Le représentant du Saint-Siège auprès des Nations unies, Mgr Aúza, a exprimé à plusieurs reprises des réserves, ou est venu dire que l’Église est d’accord avec les objectifs génériques, mais pour autant qu’ils soient interprétés sous un certain angle, conformément à la loi naturelle, à la morale catholique, à la doctrine sociale de l’Église, etc. En d’autres termes, ils acceptent l’Agenda pour autant qu’il soit interprété dans le sens qu’ils considèrent acceptable. Par exemple, lorsqu’on parle d’égalité des sexes, les droits sexuels et reproductifs ne sont pas inclus, ce qui, nous le savons, inclut implicitement l’avortement. Mais cela me semble un peu naïf, dans le sens où l’Agenda est ce qu’il est et les objectifs sont ce qu’ils sont. Mgr Aúza parle de ce qu’il aimerait que ce soit, si l’Église pouvait réécrire l’Agenda. Bien sûr, j’écrirais les objectifs différemment, pour qu’il n’y ait aucune ambiguïté et qu’aucune porte ne soit ouverte à l’avortement, à d’autres formes de famille que la famille naturelle fondée sur le mariage entre un homme et une femme, à la fécondation artificielle, à la maternité de substitution, la transsexualité… Evidemment tout ce qui touche à la bioéthique, à la famille… où il y a des contradictions entre la doctrine catholique et l’Agenda 2030, parce que c’est de cela qu’il s’agit. Est-il logique de dire : «Je soutiens l’Agenda 2030 mais il doit être interprété selon mes principes» ? Eh bien, mais ils ne l’interprètent pas de cette façon ; entre autres parce que la formulation de l’ordre du jour ne le permet pas. Alors peut-être devrions-nous avoir le courage de prendre nos distances par rapport à l’Agenda 2030 de telle sorte qu’il n’y ait aucune ambiguïté.
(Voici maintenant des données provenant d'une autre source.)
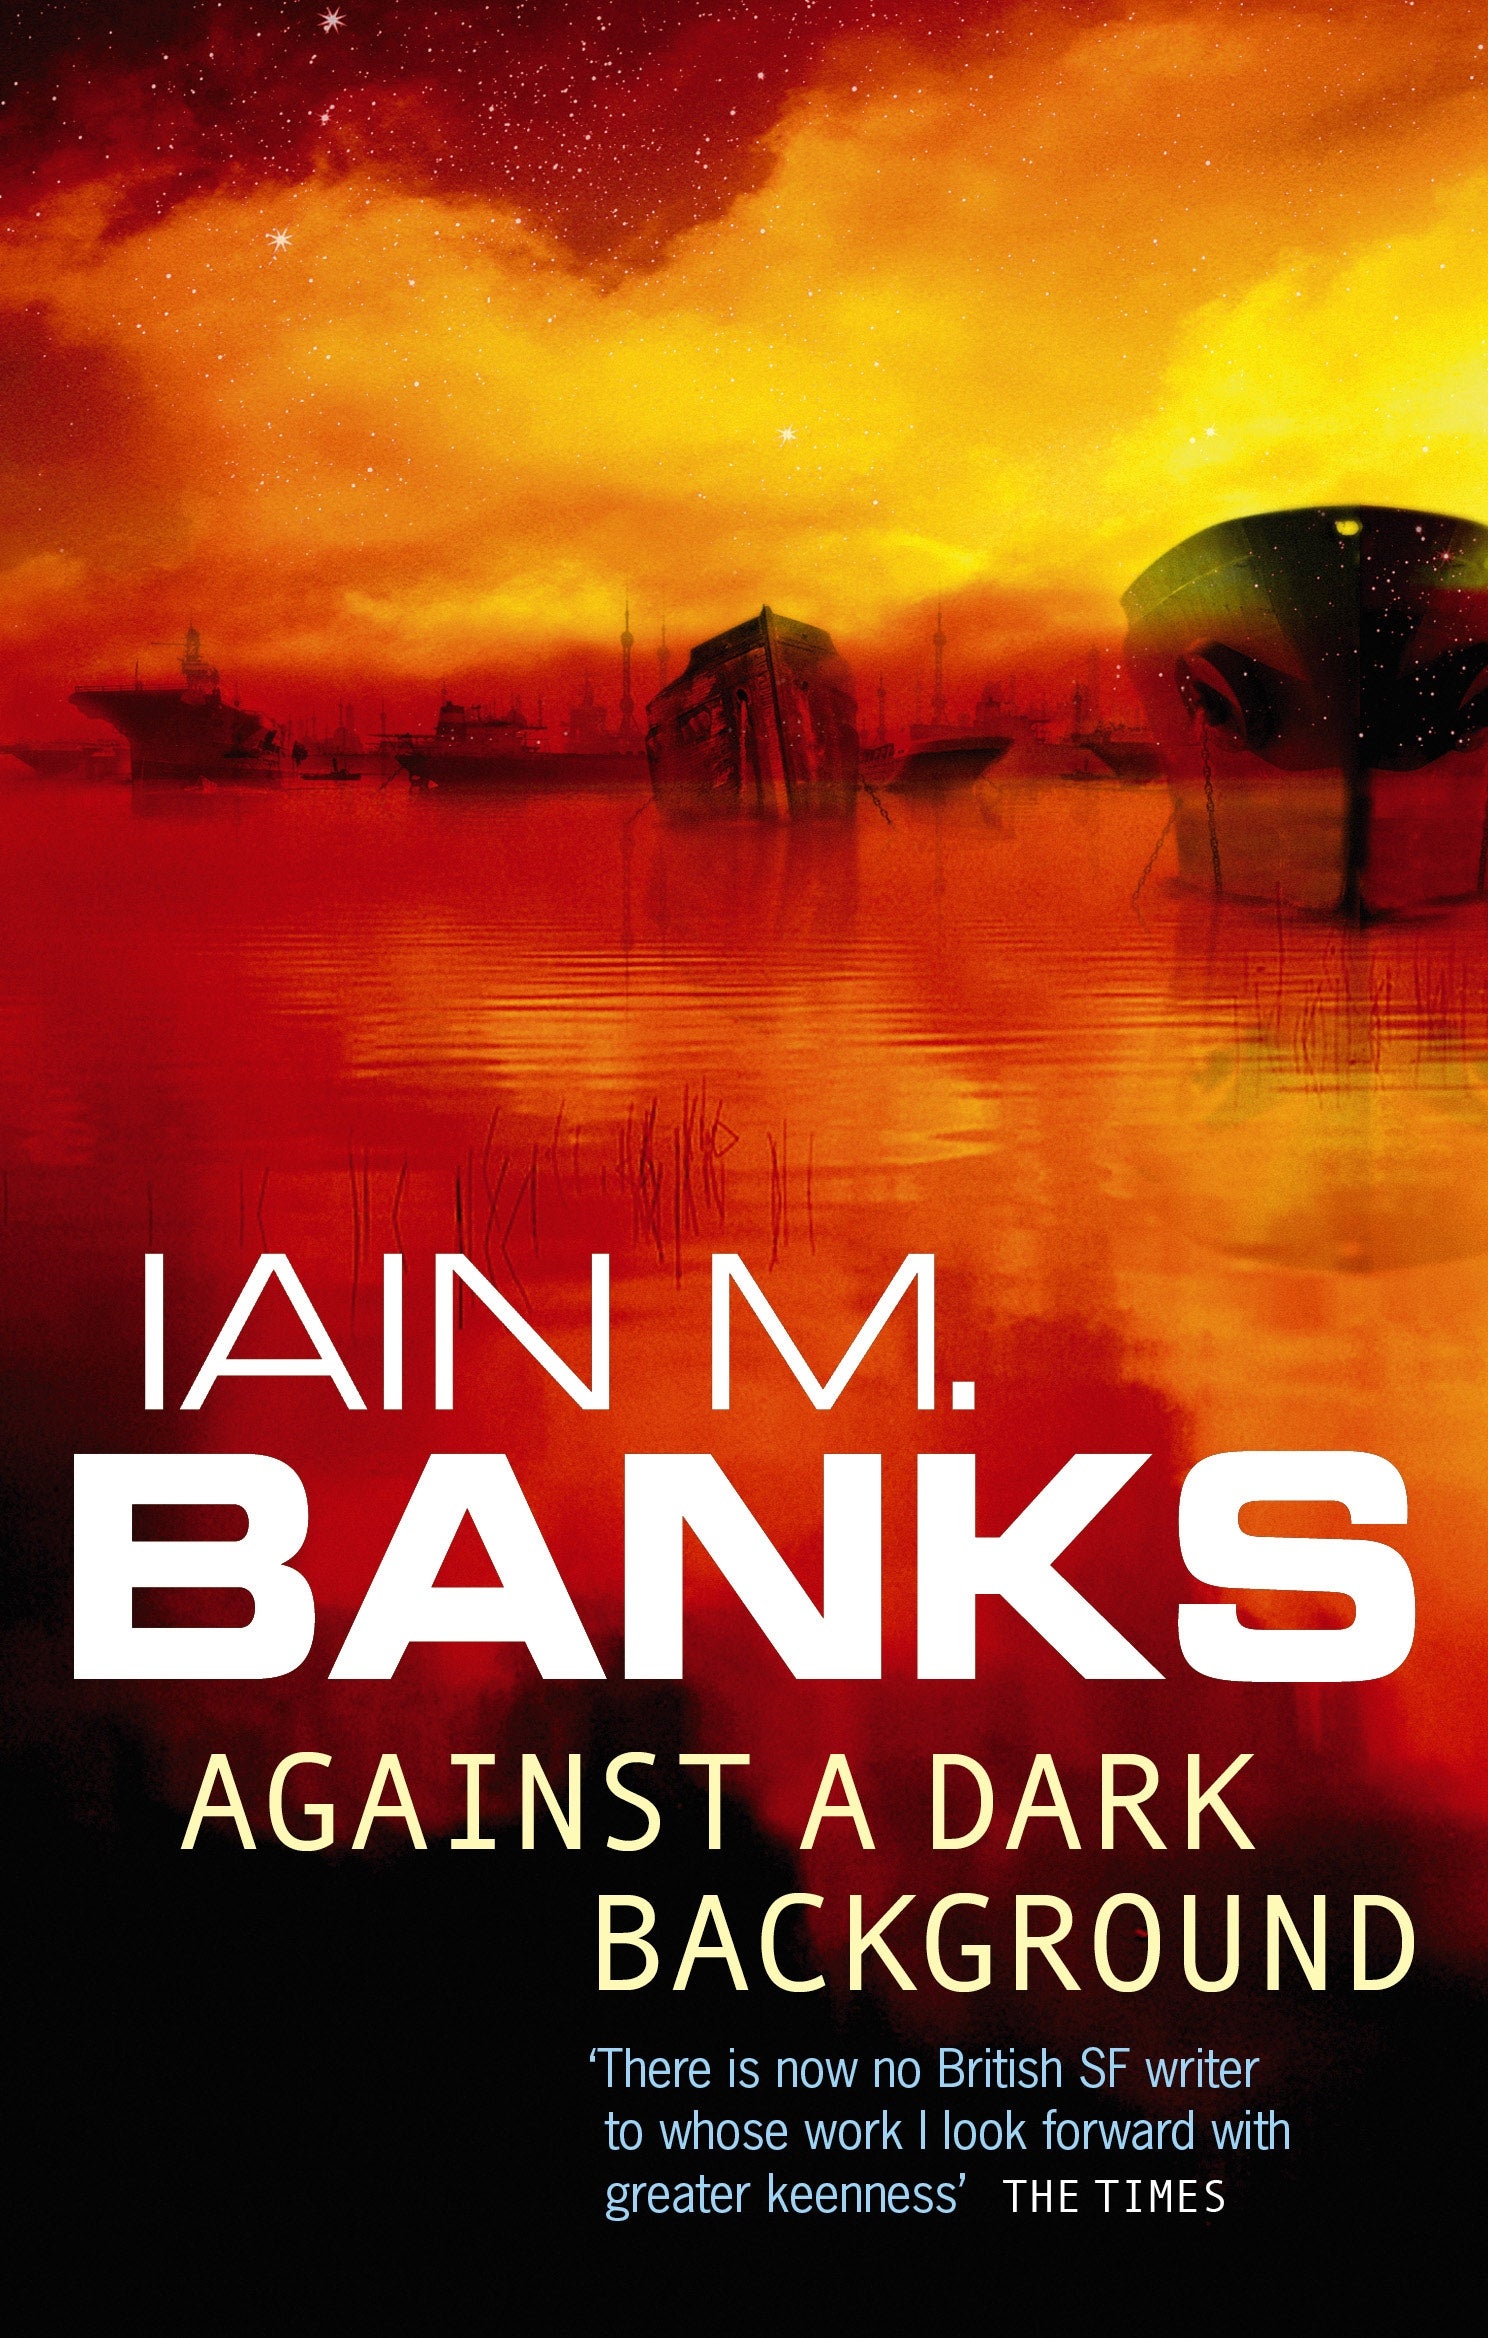 Against A Dark Background by Iain M. Banks

Certains catholiques, comme le Nonce, ont déclaré que l’Agenda 2030 ne pouvait être assumé dans aucune institution qui se déclare chrétienne. Que peut-on faire pour le combattre ?
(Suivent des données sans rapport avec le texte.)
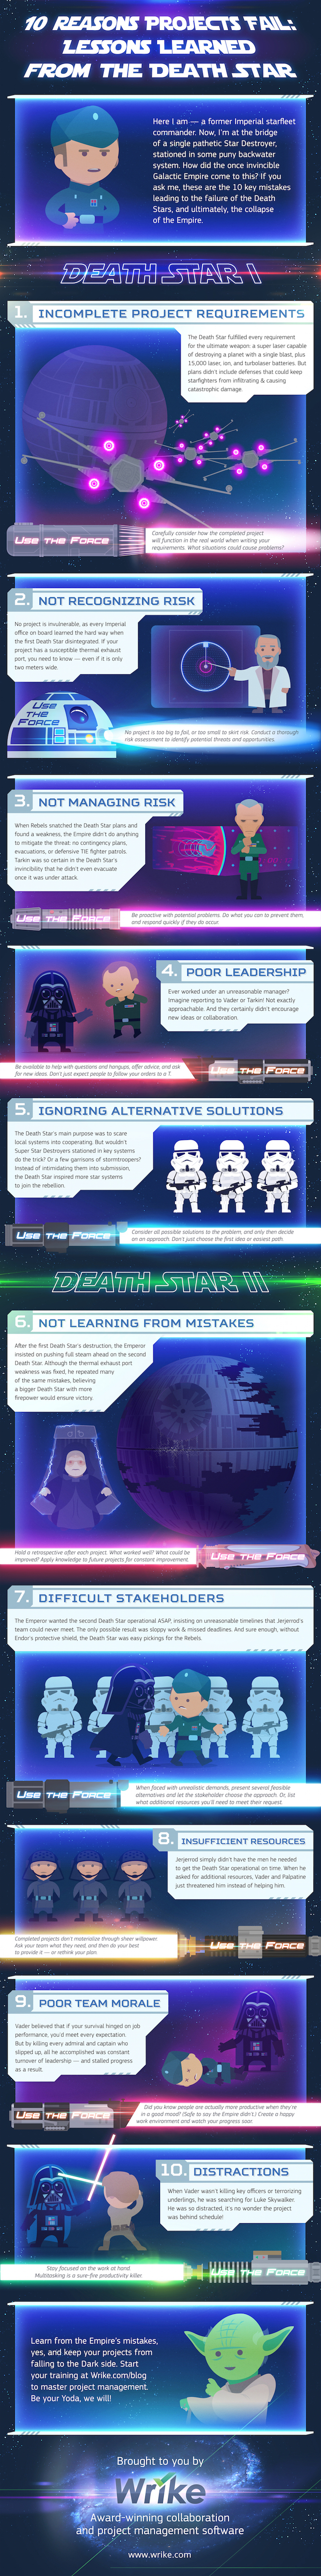 10 Reasons the Death Star Failed #infographic

Eh bien, ce que vous pouvez faire, c’est expliquer ce que nous expliquons dans cette conversation, mais ce sont des choses qui ne rentrent pas dans un slogan en trois mots. Il faut du temps, des nuances… mais il faut le faire, car sous couvert de ces principes de bien apparent nous contribuons à la destruction de notre société. Par exemple, à la destruction de la famille dans la mesure où elle prive les enfants d’un père et d’une mère. Ou plus encore, dans la mesure où ils poussent le taux de natalité à des extrêmes qui le mettent déjà en danger… La durabilité, concept progressiste, est ici en jeu. Mais la société cesse d’être durable dans le sens le plus dramatique et le plus immédiat, c’est-à-dire qu’il n’y a pas de changement générationnel. Il n’y a pas assez d’enfants. Et l’Agenda 2030 y contribue. Eh bien, tout cela doit être expliqué pour que les gens ne se laissent pas tromper par la bonté apparente des objectifs génériques. Il faut expliquer ce qu’il y a derrière, ce qui est implicite. Mais notre société est habituée aux slogans où ne pénètrent pas les messages qui ont un minimum de complexité.